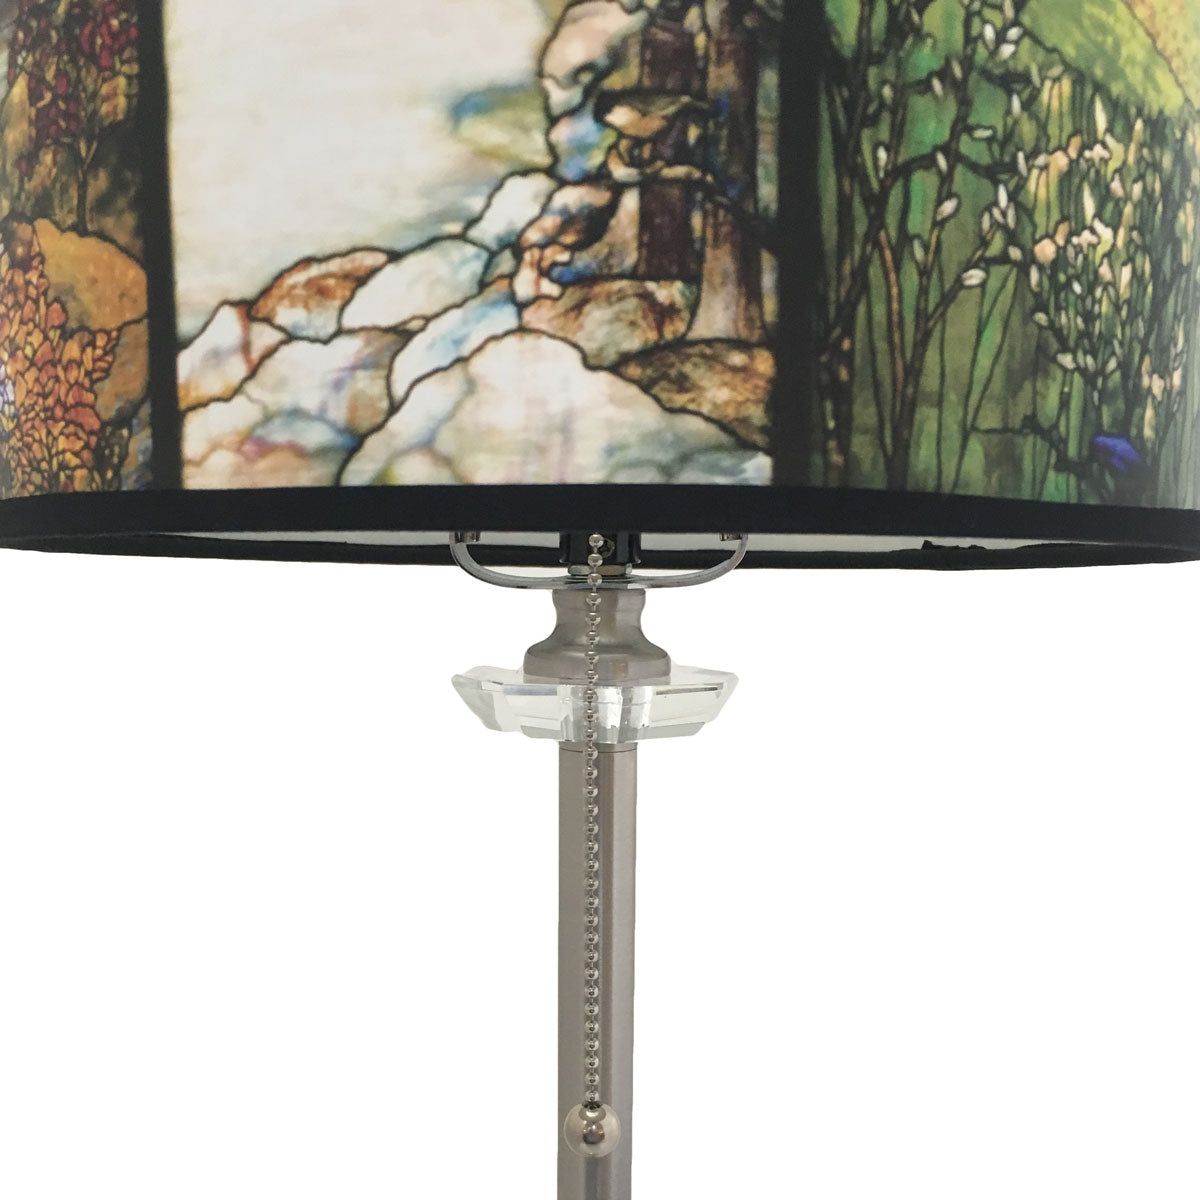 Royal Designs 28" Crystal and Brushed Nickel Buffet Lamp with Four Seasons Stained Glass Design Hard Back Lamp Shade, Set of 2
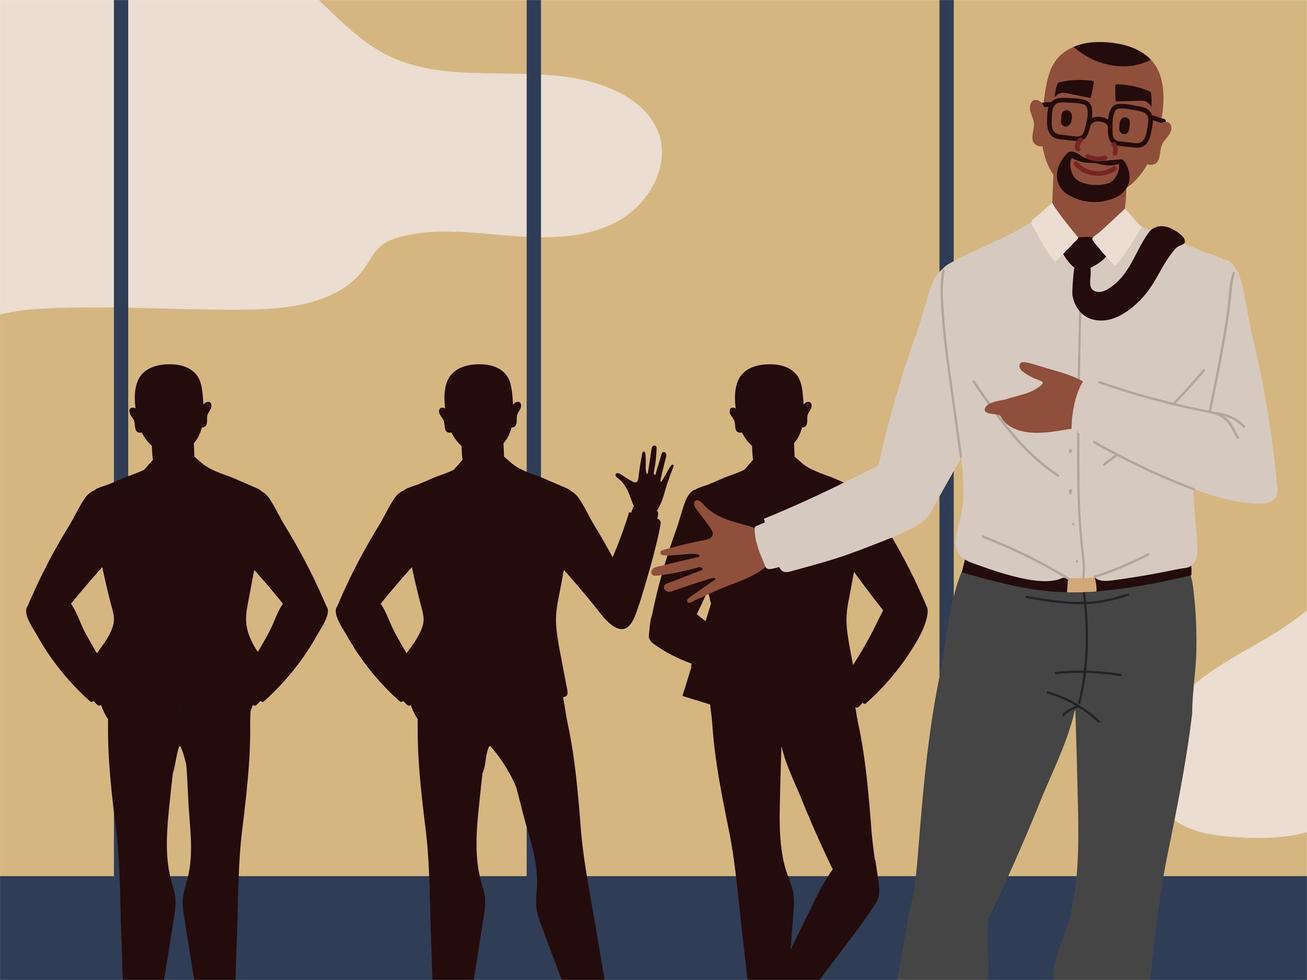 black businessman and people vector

==

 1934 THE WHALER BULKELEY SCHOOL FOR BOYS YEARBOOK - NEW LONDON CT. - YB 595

• Aim of the exercise
In the data above, find the line containing "Shade, Set of 2" and the line containing "black businessman and people vector". Copy exactly the stretch from the first through the second, both included, leaving out any picture.

• Answer area
 Royal Designs 28" Crystal and Brushed Nickel Buffet Lamp with Four Seasons Stained Glass Design Hard Back Lamp Shade, Set of 2
 black businessman and people vector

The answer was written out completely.